Please set out each line below exactly as it stands, without the images.

*DATA*.
== Segment start ==

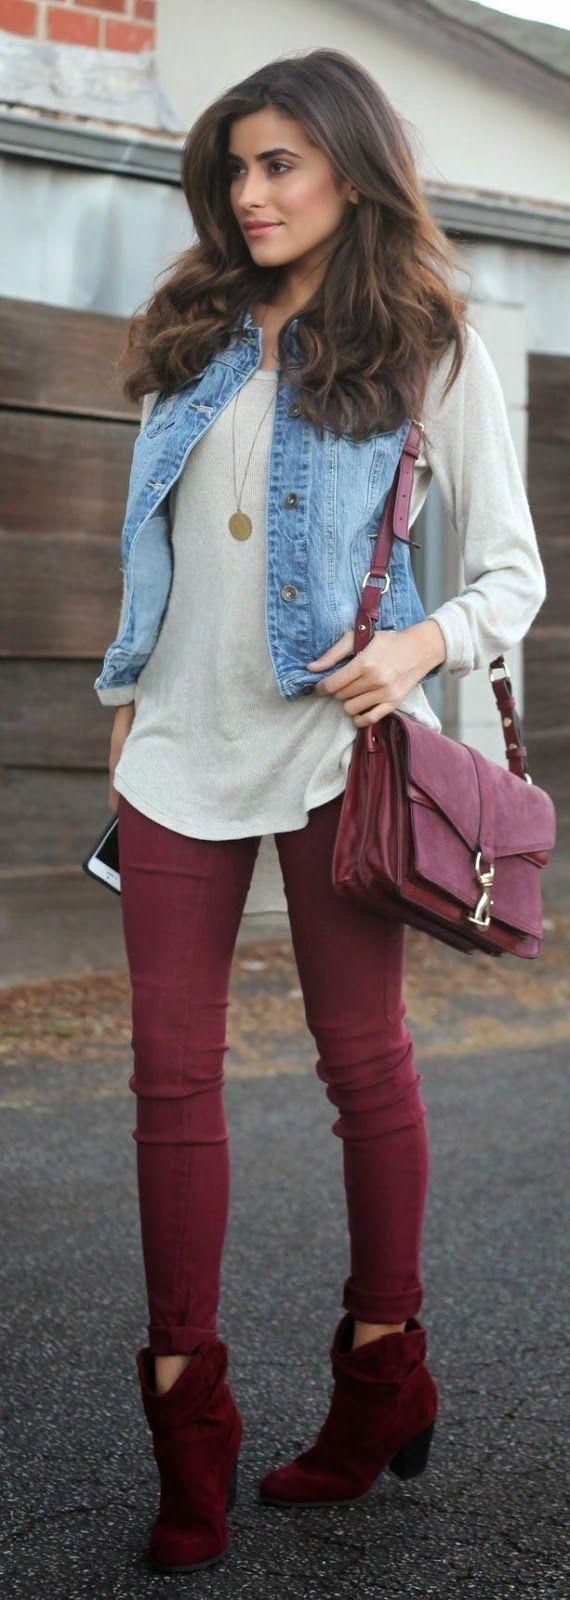 Fashion & Style Outfits 2015. Contrast colour combinations & Latest Trending Clothes. https://tvcmatrix.com/ShanekaJones
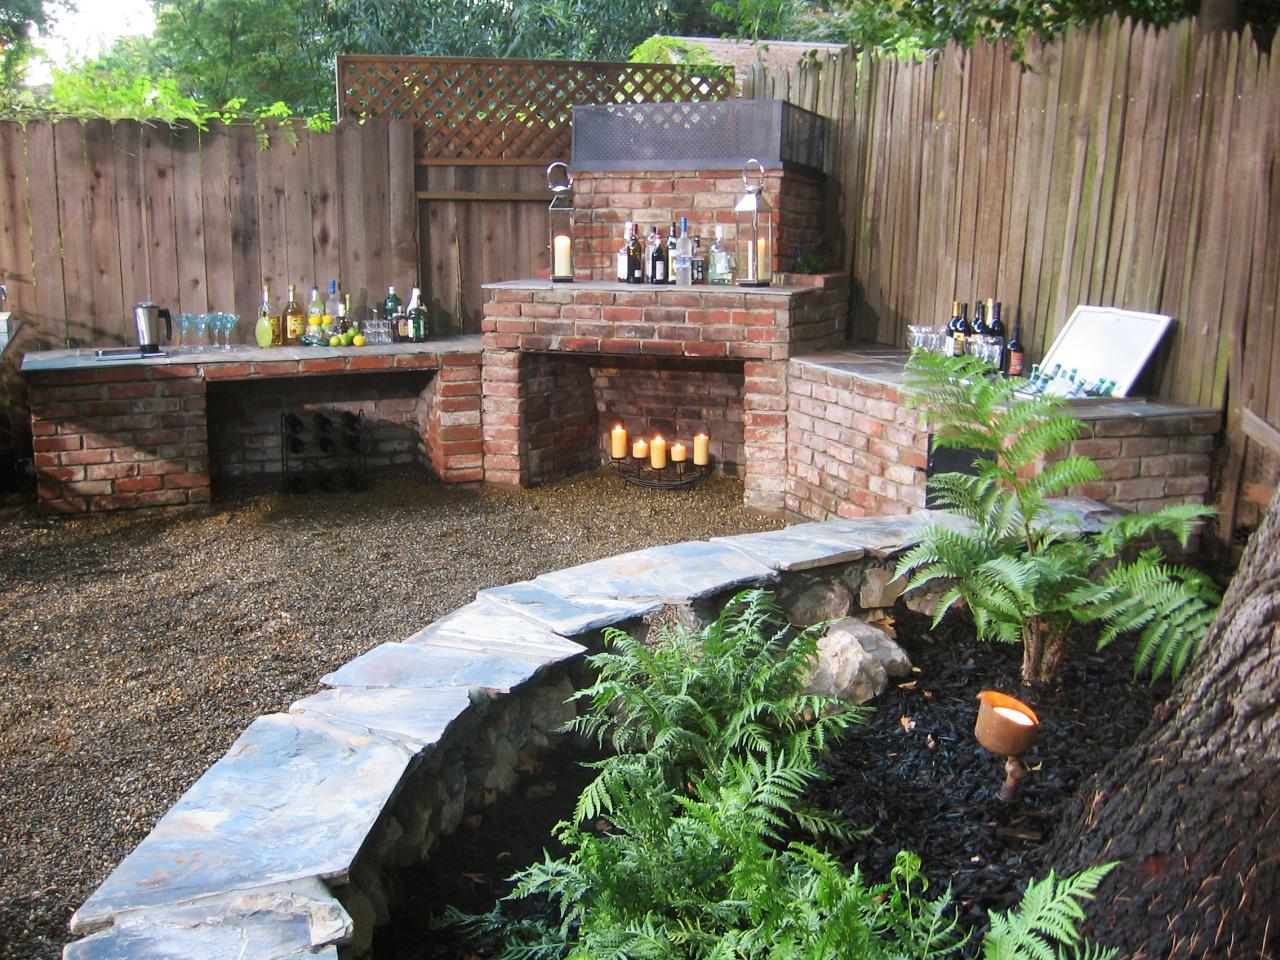 backyard fireplace featured in yard crashers episode  VMFAREN
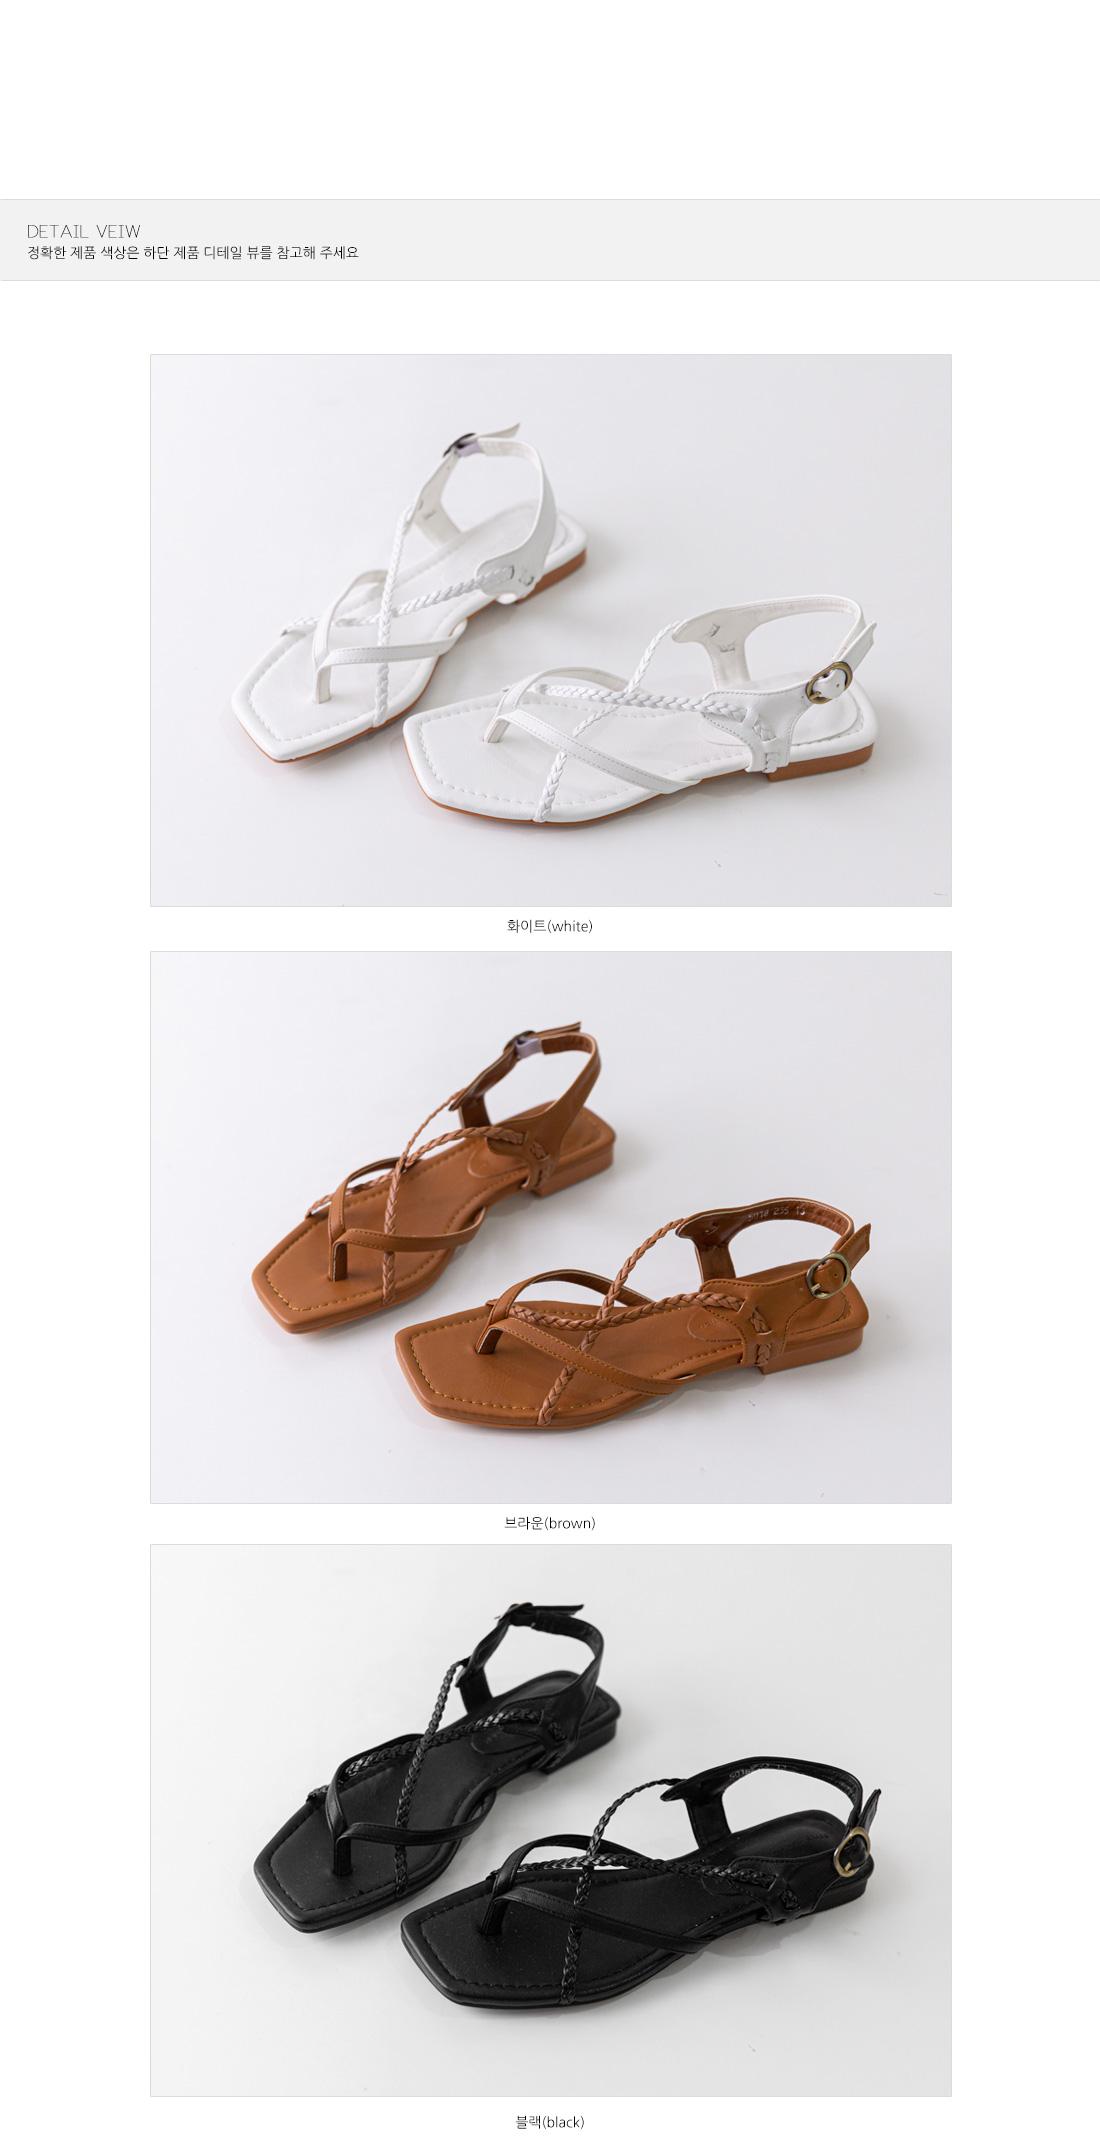 Cross strap sandals #86175

== Segment end ==

*THE ANSWER*.
 Fashion & Style Outfits 2015. Contrast colour combinations & Latest Trending Clothes. https://tvcmatrix.com/ShanekaJones
 backyard fireplace featured in yard crashers episode  VMFAREN
 Cross strap sandals #86175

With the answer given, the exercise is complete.